In questo contesto quindi ecco un ventaglio di proposte:
-Che l’incentivo debba essere una misura temporanea e strutturata, calata in ambiti ritenuti strategici da una pianificazione nazionale. Per assicurare una corretta gestione del denaro pubblico attraverso gli incentivi, associare regole di vigilanza e controllo all’erogazione degli incentivi e meccanismi sanzionatori e di disincentivazione all’uso non ortodosso dell’istituto, o che monetizzino parte dell’incentivo al lavoratore o che rappresentino una penalizzazione per l’impresa all’ottenimento di altri benefici futuri, prevedendo un meccanismo premiale che potrebbe legare l’incentivo ricevuto all’incremento della performance di impresa e al fatto che l’impresa da sola abbia proceduto ad altre assunzioni oltre al mantenimento della precedente.
-Una vigilanza più serrata sui contratti a tutele crescenti per le donne, con o senza incentivo, in quanto l’indebolimento delle tutele dell’art.18 potrebbe rafforzare le note pratiche discriminatorie nei confronti delle lavoratrici femminili, per le quali da sempre il divieto normativo non è sufficiente e facilmente aggirabile.

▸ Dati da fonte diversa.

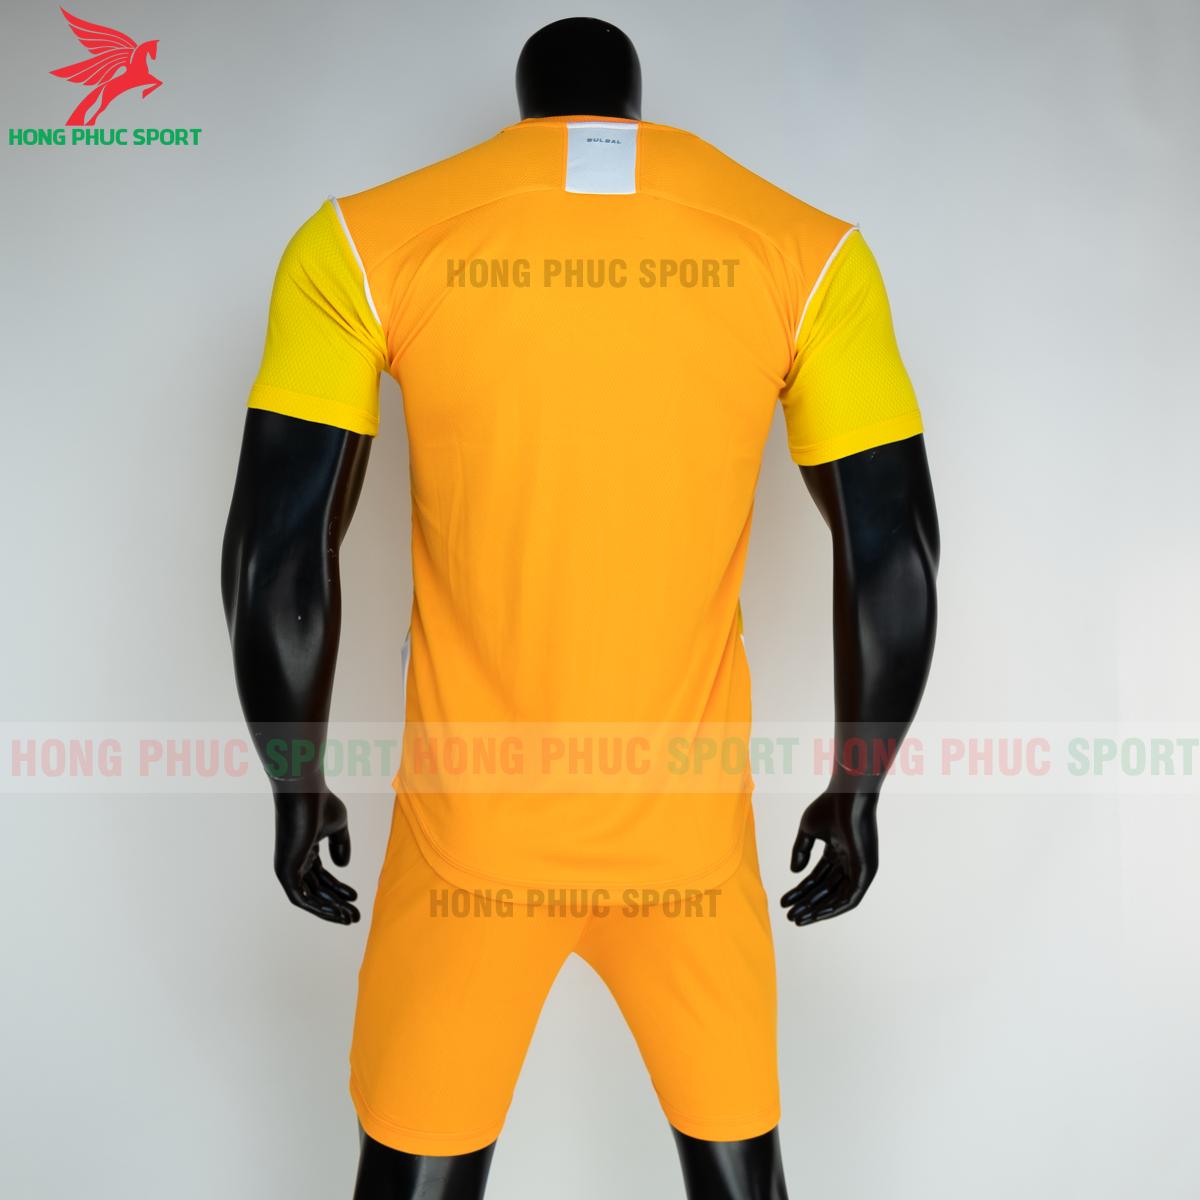 https://cdn.hongphucsport.com/unsafe/s4.shopbay.vn/files/285/ao-bong-da-khong-logo-bulbal-hades-mau-vang-8-604f31f1ab22d.png

-Un monitoraggio serrato sull’“altra faccia del Jobs act”, ossia il proliferare del lavoro femminile pagato tramite voucher, che sta assumendo i connotati di nuovo modo di ottenere flessibilità a costi più bassi delle forme esistenti e regolamentate (a partire dai settori dove le donne sono più presenti, commercio, turismo, servizi). In particolar modo contro la liberalizzazione dei settori e dei limiti di reddito stabiliti con il d. lgs 15 giugno 2015 n. 81, occorre una revisione degli ambiti di applicazione del lavoro accessorio. In particolare l’eliminazione della cura e assistenza alle persone che richiede valore, qualità e professionalità che non possono essere assimilate a lavori saltuari di manutenzione (e indirettamente la revisione della disciplina del voucher babysitting introdotto dalla L.92/125).

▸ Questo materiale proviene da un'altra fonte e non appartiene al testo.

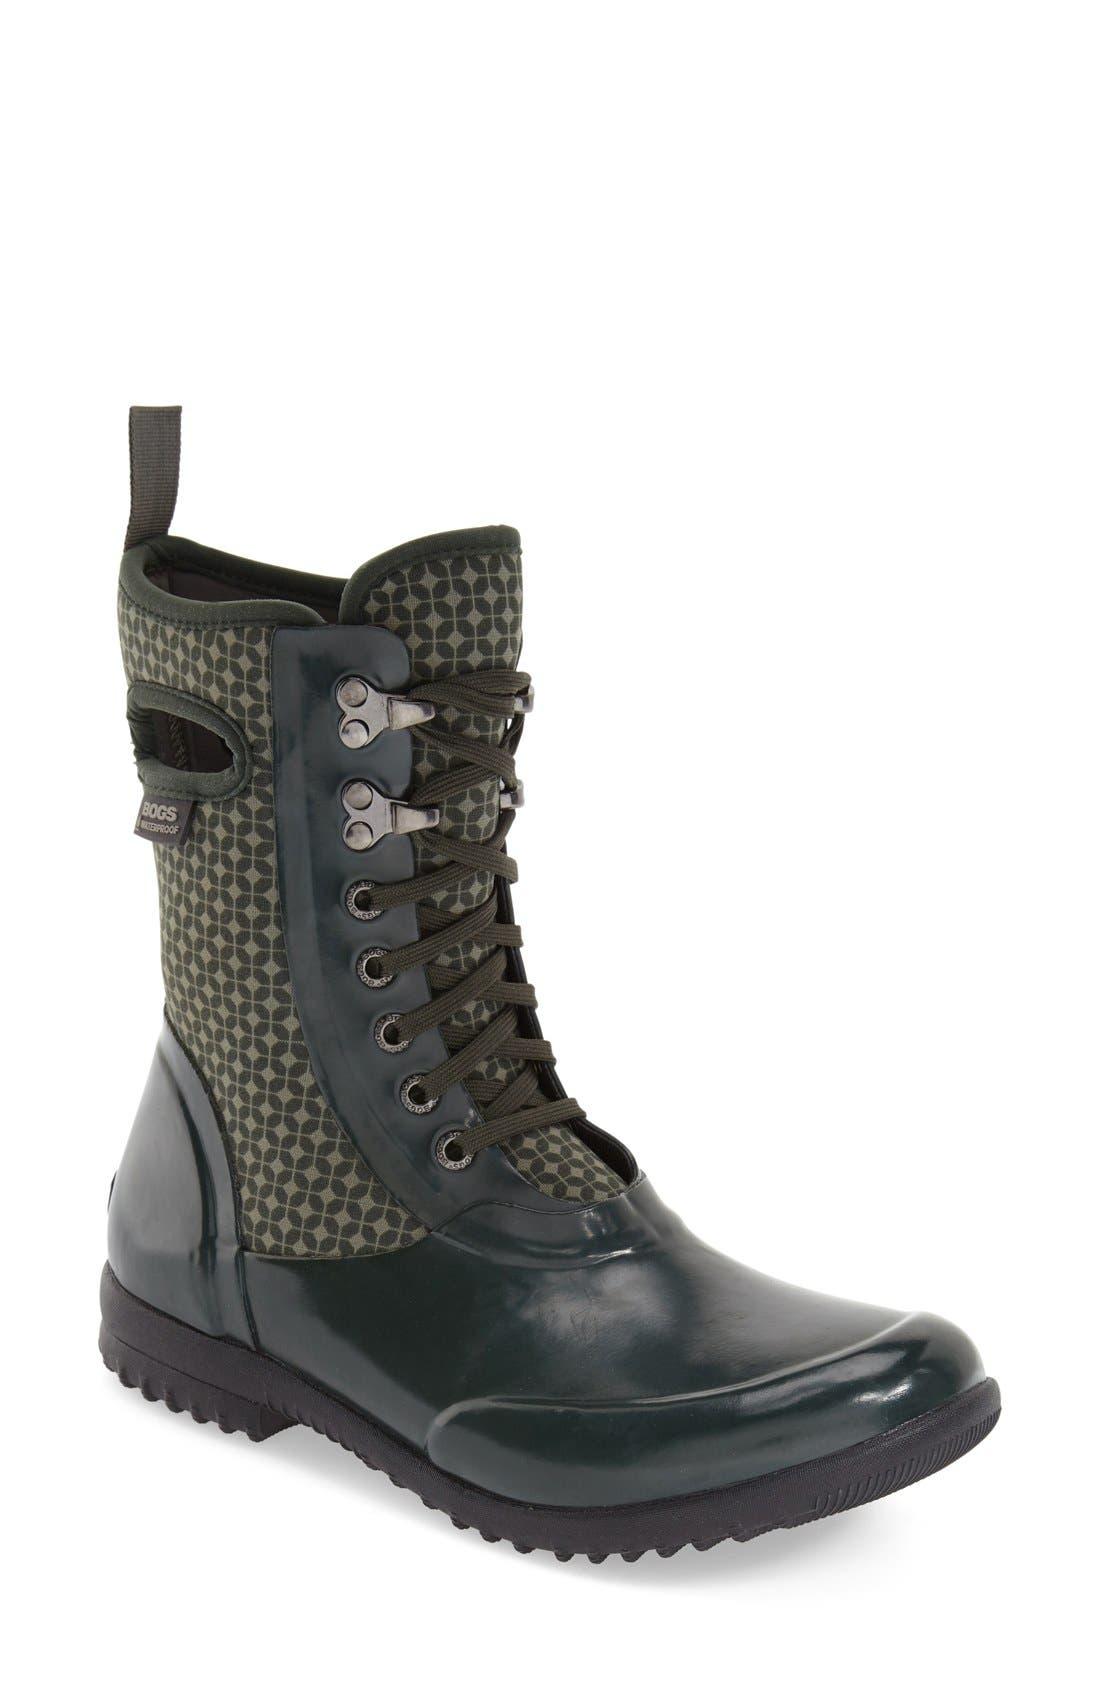 Alternate Image 1 Selected - Bogs 'Sidney Cravat' Lace-Up Waterproof Boot (Women)

In sintesi, il Jobs act deve trasformarsi da strumento di propaganda a strumento di crescita. Perché è lo sviluppo economico che crea l’occupazione e non il contrario e che quindi in questo momento il sistema da solo non è in grado di produrre opportunità di lavoro a regime. La strada per far ripartire il Paese non è quella di drogare il mercato attuale con incentivi a fondo perduto, o cercare di abbassare a tutti i costi il costo del lavoro (battaglia persa in partenza con la concorrenza orientale) ma quella di coinvolgere il sistema produttivo in un disegno più grande di crescita del paese, un nuovo new deal italiano, un Progetto Paese, in cui l’Italia rinasca investendo in prodotti, innovazione e filiere specifiche e su questi (e non sul costo del lavoro) possa essere competitivo sui mercati.
Un nuovo New deal, entro cui orientare anche le richieste d’inserimento lavorativo dei giovani e di ricollocazione di chi il lavoro lo ha perso, in cui lo Stato, di concerto con Enti locali, definisce alcuni ambiti di intervento prioritari, d’interesse della collettività (ad esempio su temi quali il welfare, la cultura, il turismo, il decoro urbano) che possa produrre occupazione, servizi aggiuntivi e ricchezza. L’obiettivo è innescare l’effetto moltiplicatore tra produzione, reddito, consumi, per riattivare in prima istanza il circuito produttivo e stimolare la domanda. A partire dalle donne.